Ella miró su vestido manchado.

—El coche... estoy sucísima.

—Quítatelo.

Dicho y hecho. Ivo arrojó la prenda a un rincón, la cubrió con su abrigo y la llevó de la mano hasta el coche antes de que ella pudiera pronunciar palabra. Por alguna razón le parecía bastante normal estar ahí sentada con su fina enagua bajo el abrigo de Ivo mientras él conducía a casa.

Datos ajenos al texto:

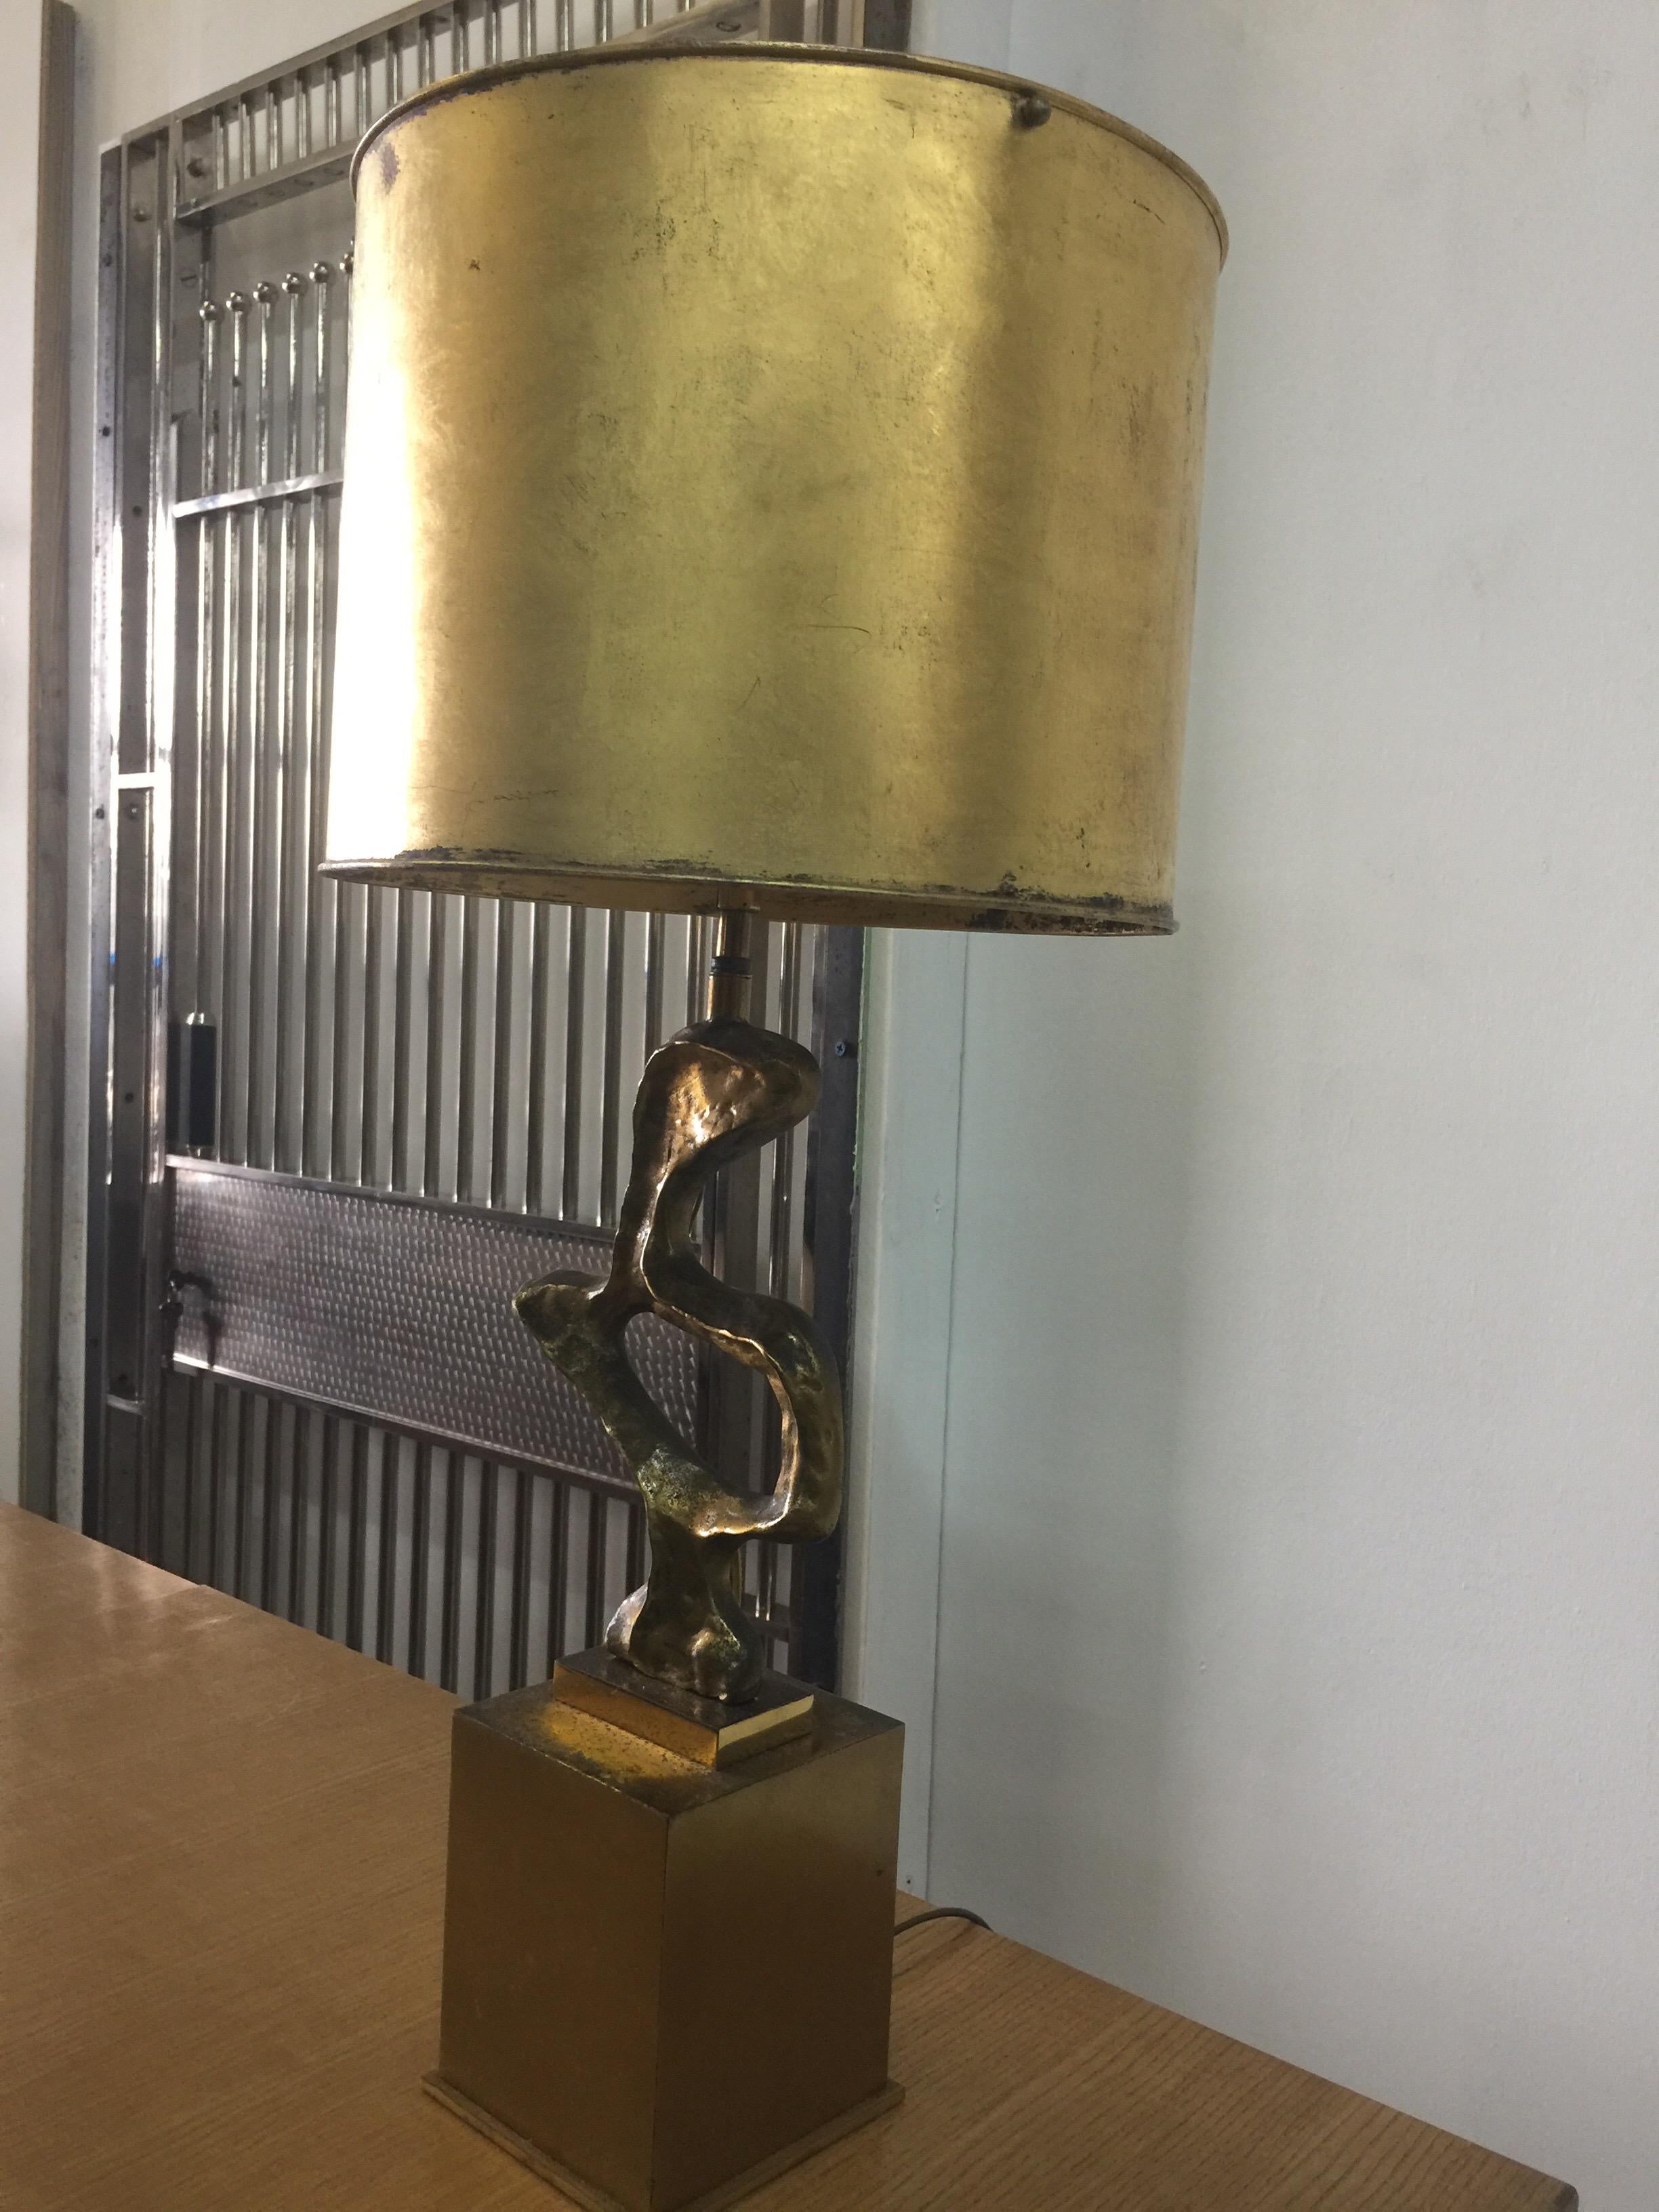 Signed R. Thibier & Papineau - gilt bronze table lamp by the French artist designer Roger Thibier, neoclassical style, Art Deco inspiration. Very exclusive and great quality. Original shade is gilded and included in price. Three (3) European sockets

Wim abrió la puerta, y al verlos se retiró discretamente a la cocina.

—No querrán cenar todavía —le dijo a Elly.

Serena se dirigió hacia la escalera, pero el señor van Doelen fue más rápido que ella. La estrechó con fuerza entre sus brazos a pesar de su cara sucia, su pelo hecho un desastre y su enagua, que nunca volvería a ser la misma.

—¿Te he dicho alguna vez lo guapa que eres? —preguntó Ivo—. ¿Y que te amo con locura?

—No —dijo Serena—, pero puedes decírmelo ahora. No, espera a que me haya bañado y me haya puesto ropa limpia.

Él suspiró.

—He esperado tanto tiempo que supongo que puedo esperar unos minutos más. Ella inclinó la cabeza para besarlo.

—Yo también te amo, sabes —estudió su rostro—. ¿Viviremos felices para siempre ahora?

El beso de Ivo le dio la respuesta que ella deseaba.